Information shown →
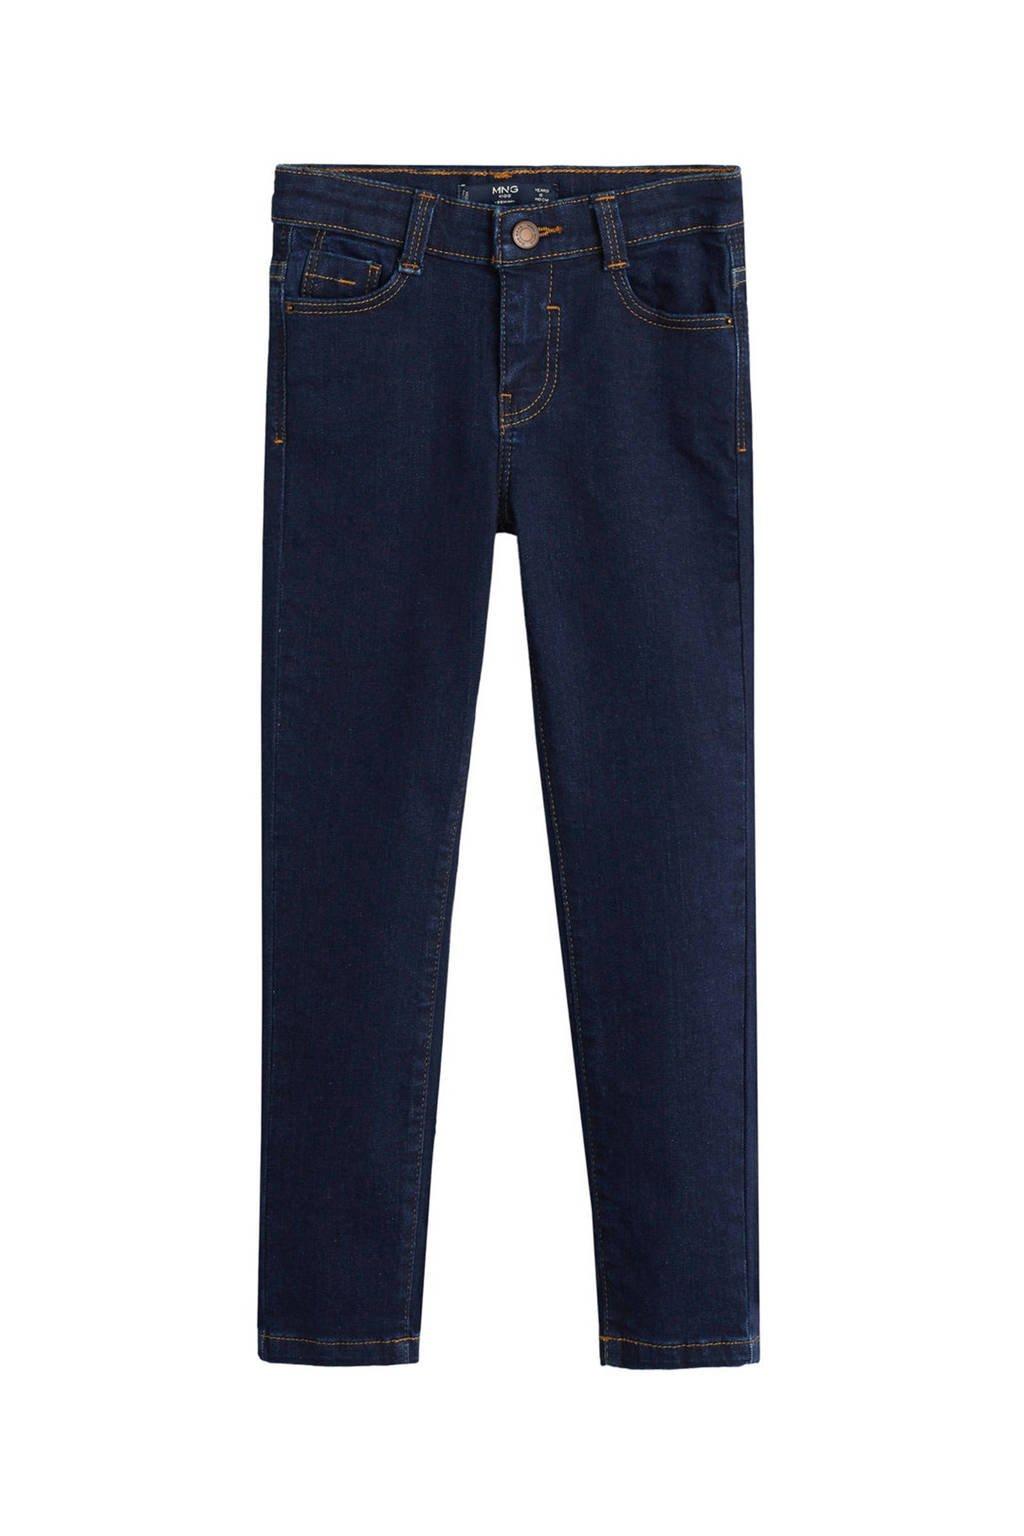 Mango Kids straight fit jeans dark denim, Dark denim
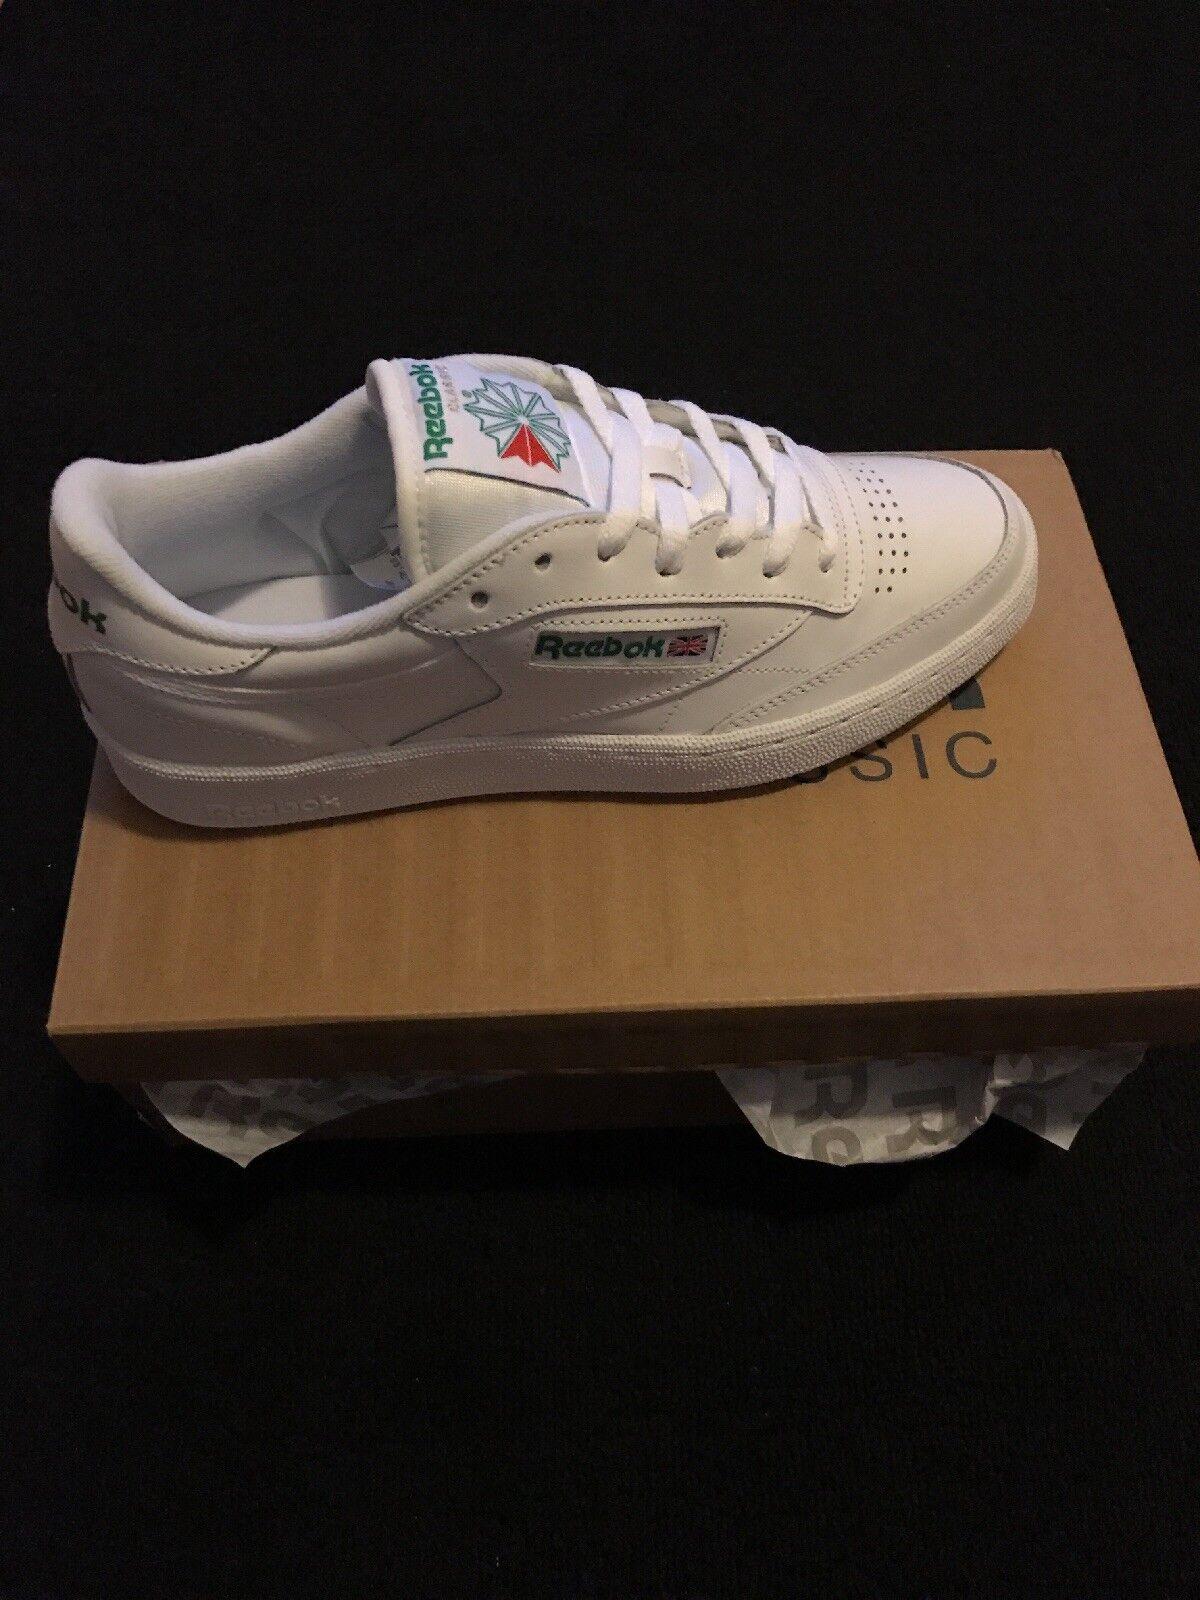 Reebok Classic Men's Tennis shoes Size 9 D Narrow White Leather Exercise
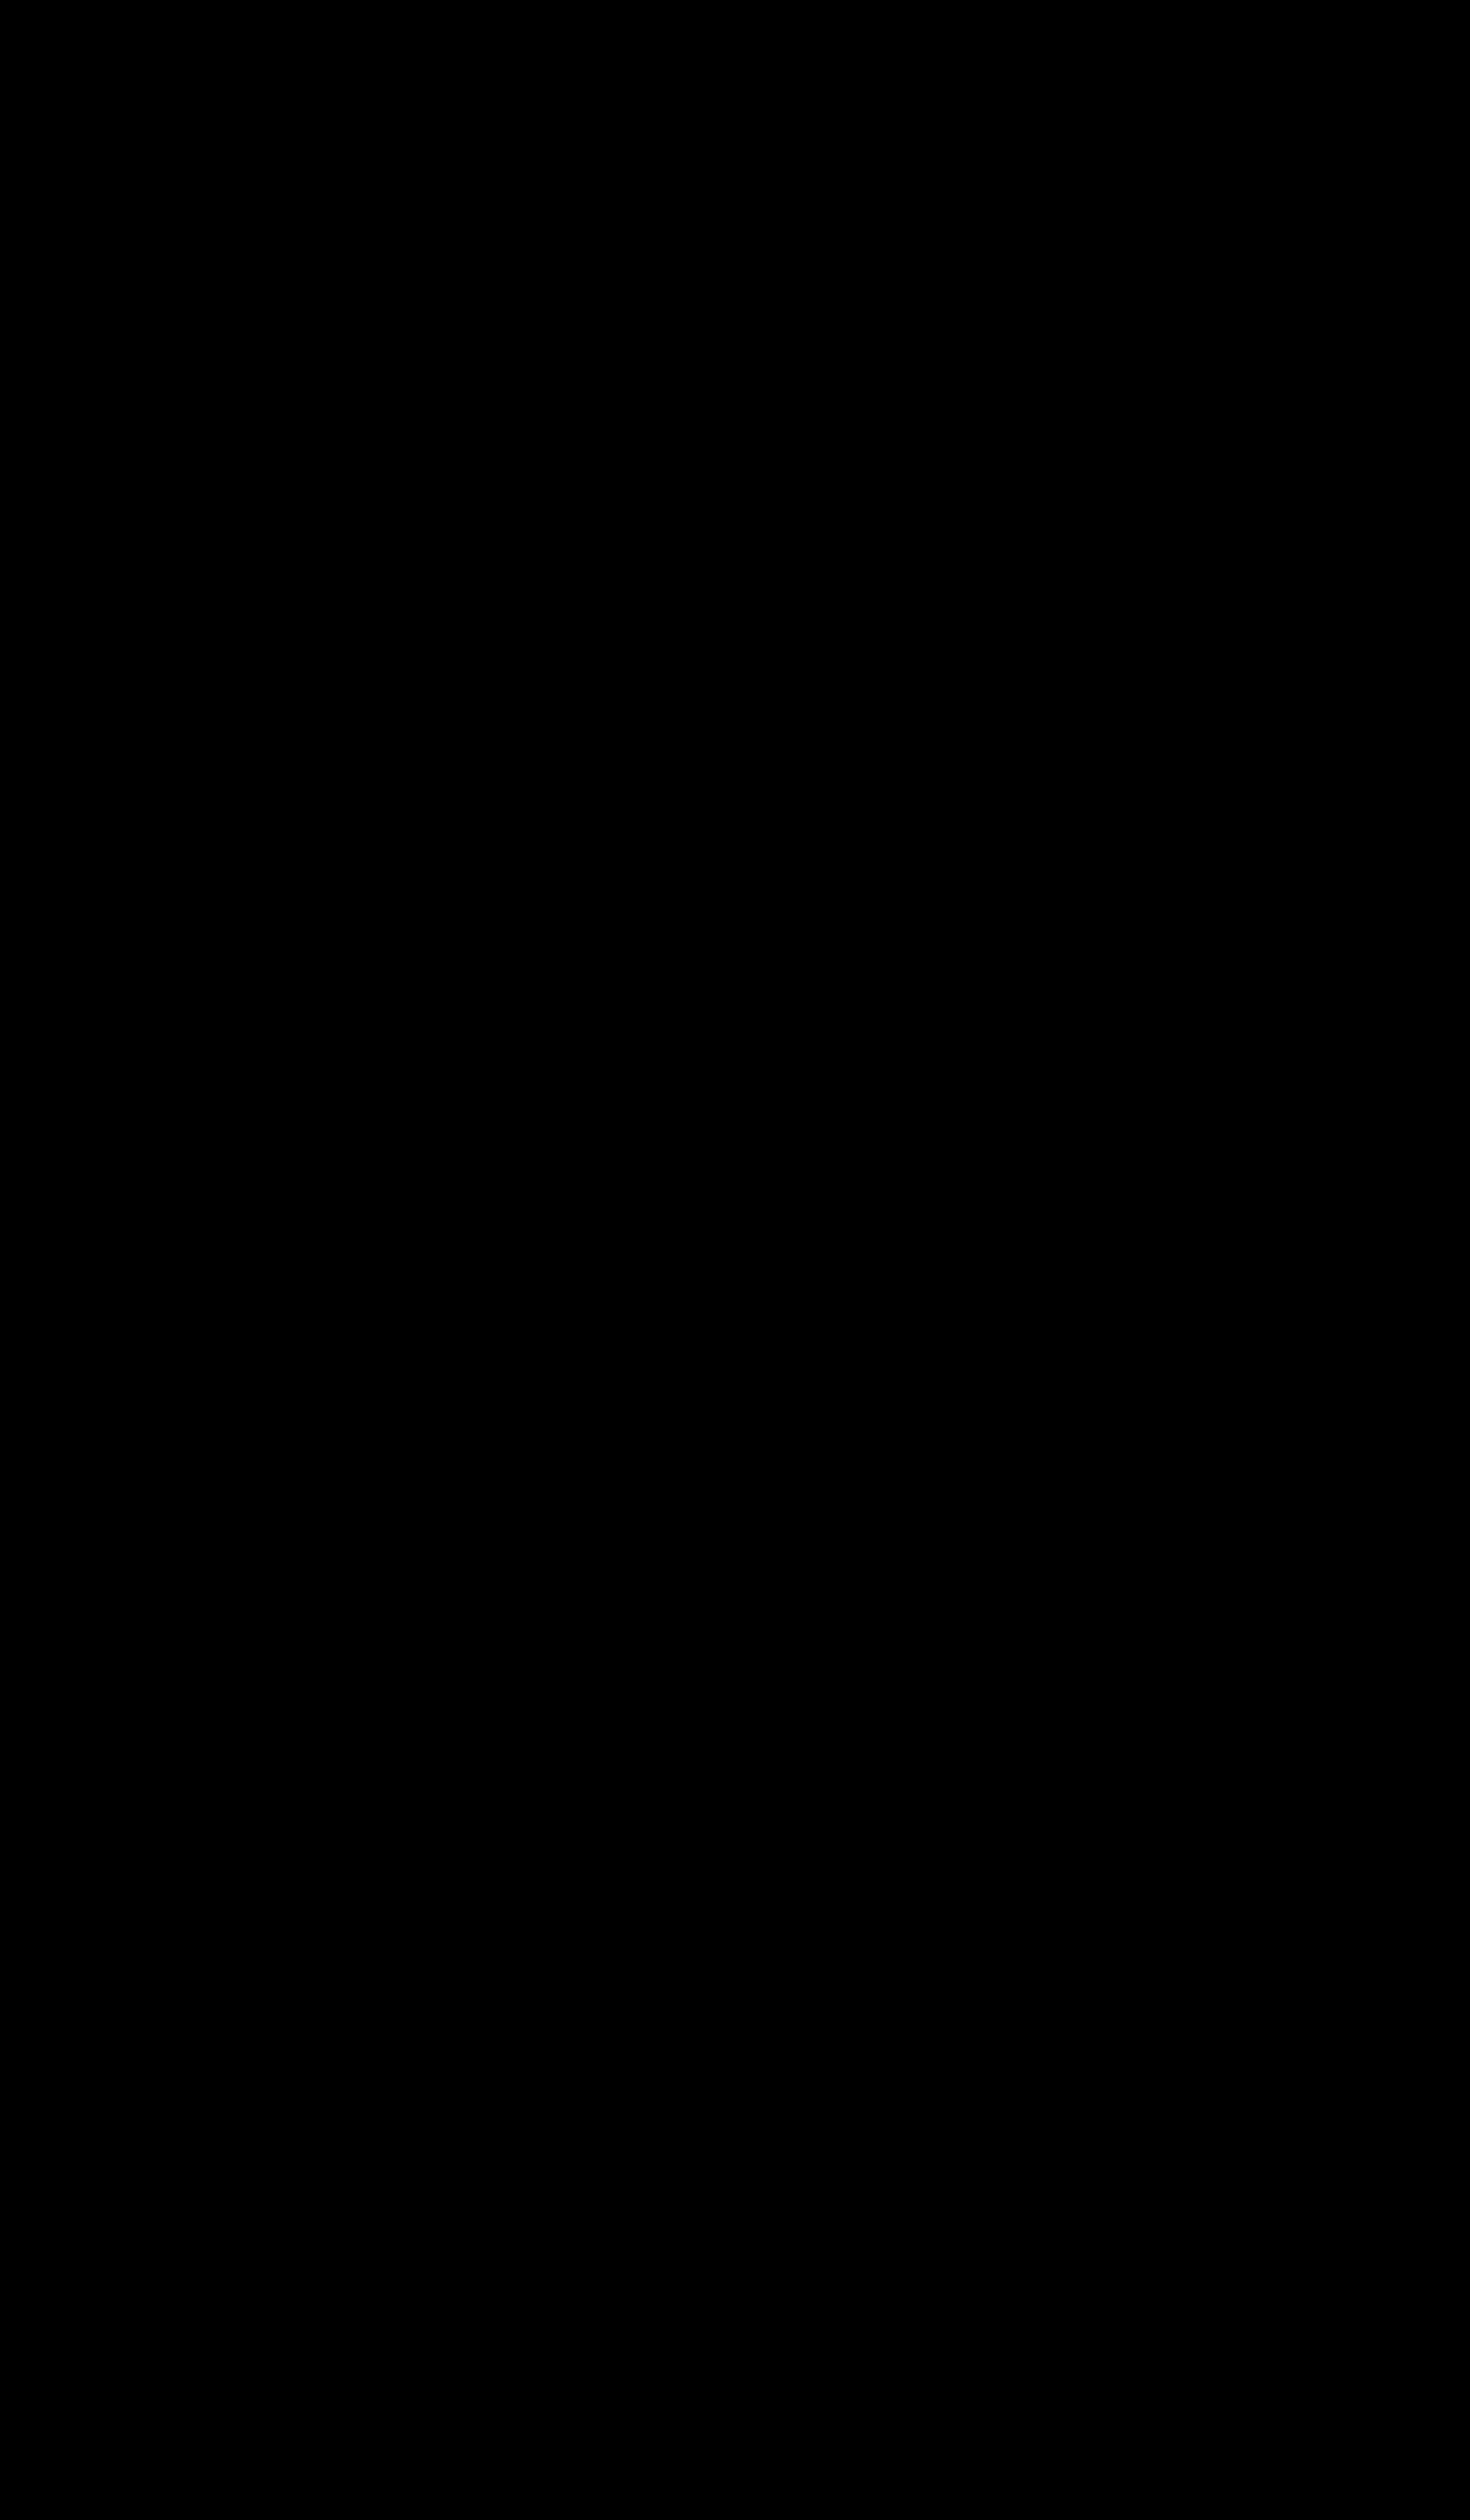 Clipart cross file. Archbishop symbol png wikimedia
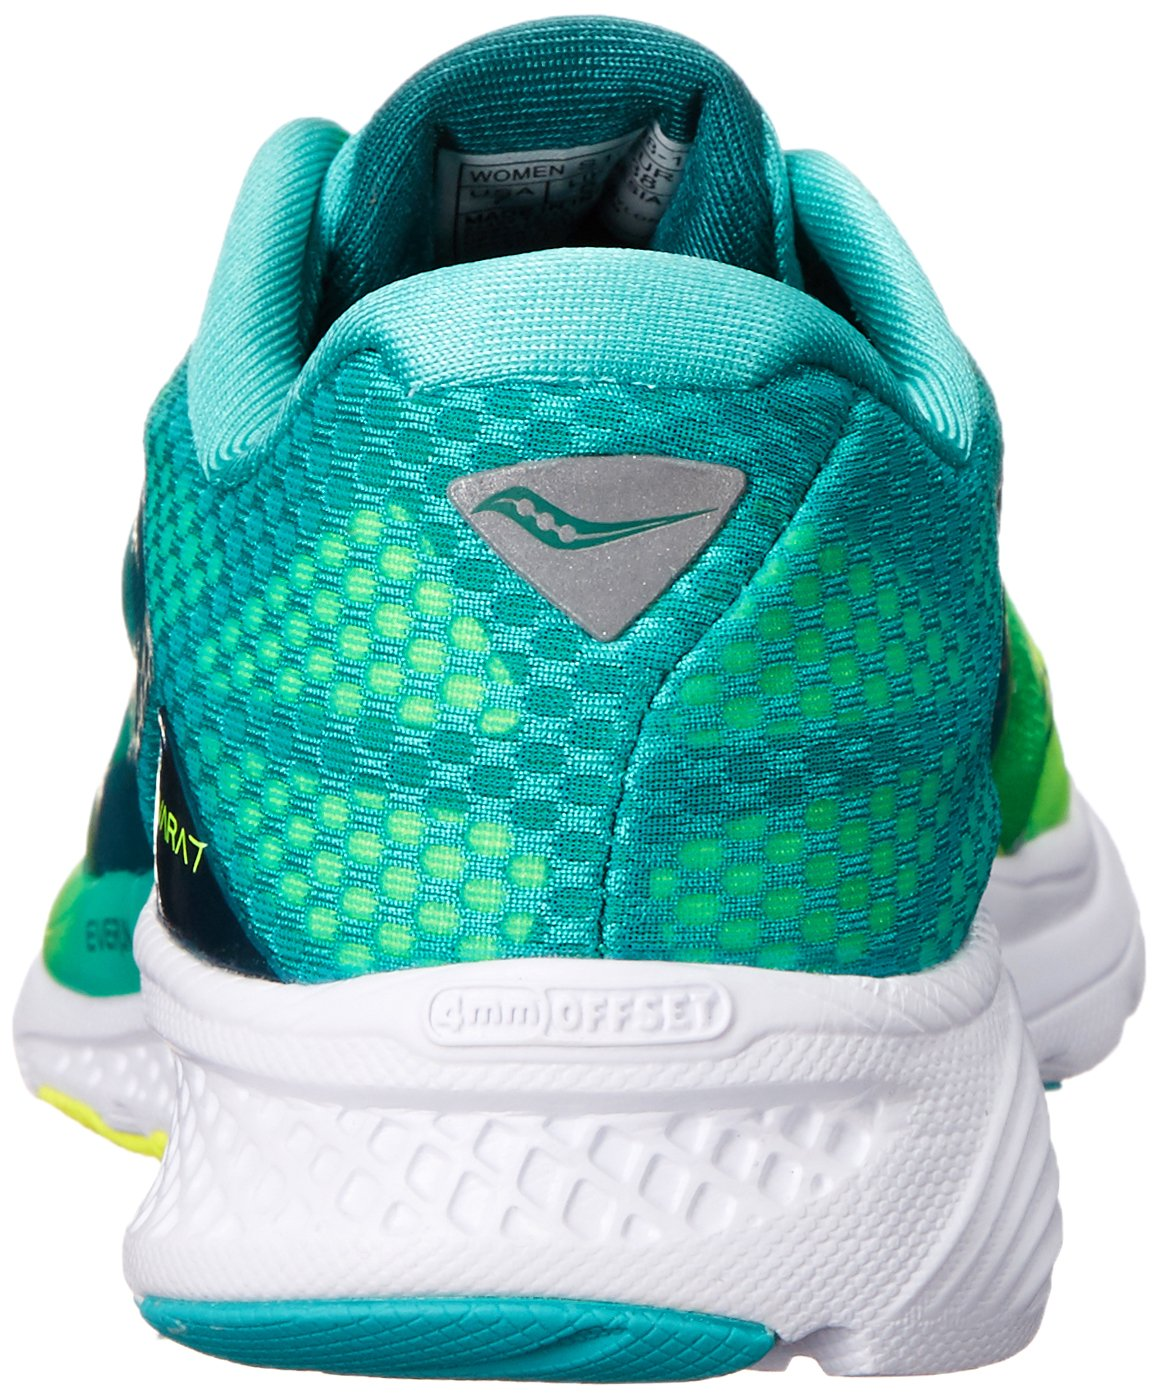 Saucony Women's B00YBFI41W Kinvara 7 Running Shoe B00YBFI41W Women's 5 B(M) US|Teal/Citron 15b05c

Description of the task →
Write out the whole of the data exactly; the pictures stay out.

Response for this exercise →
 Mango Kids straight fit jeans dark denim, Dark denim
 Reebok Classic Men's Tennis shoes Size 9 D Narrow White Leather Exercise
 Clipart cross file. Archbishop symbol png wikimedia
 Saucony Women's B00YBFI41W Kinvara 7 Running Shoe B00YBFI41W Women's 5 B(M) US|Teal/Citron 15b05c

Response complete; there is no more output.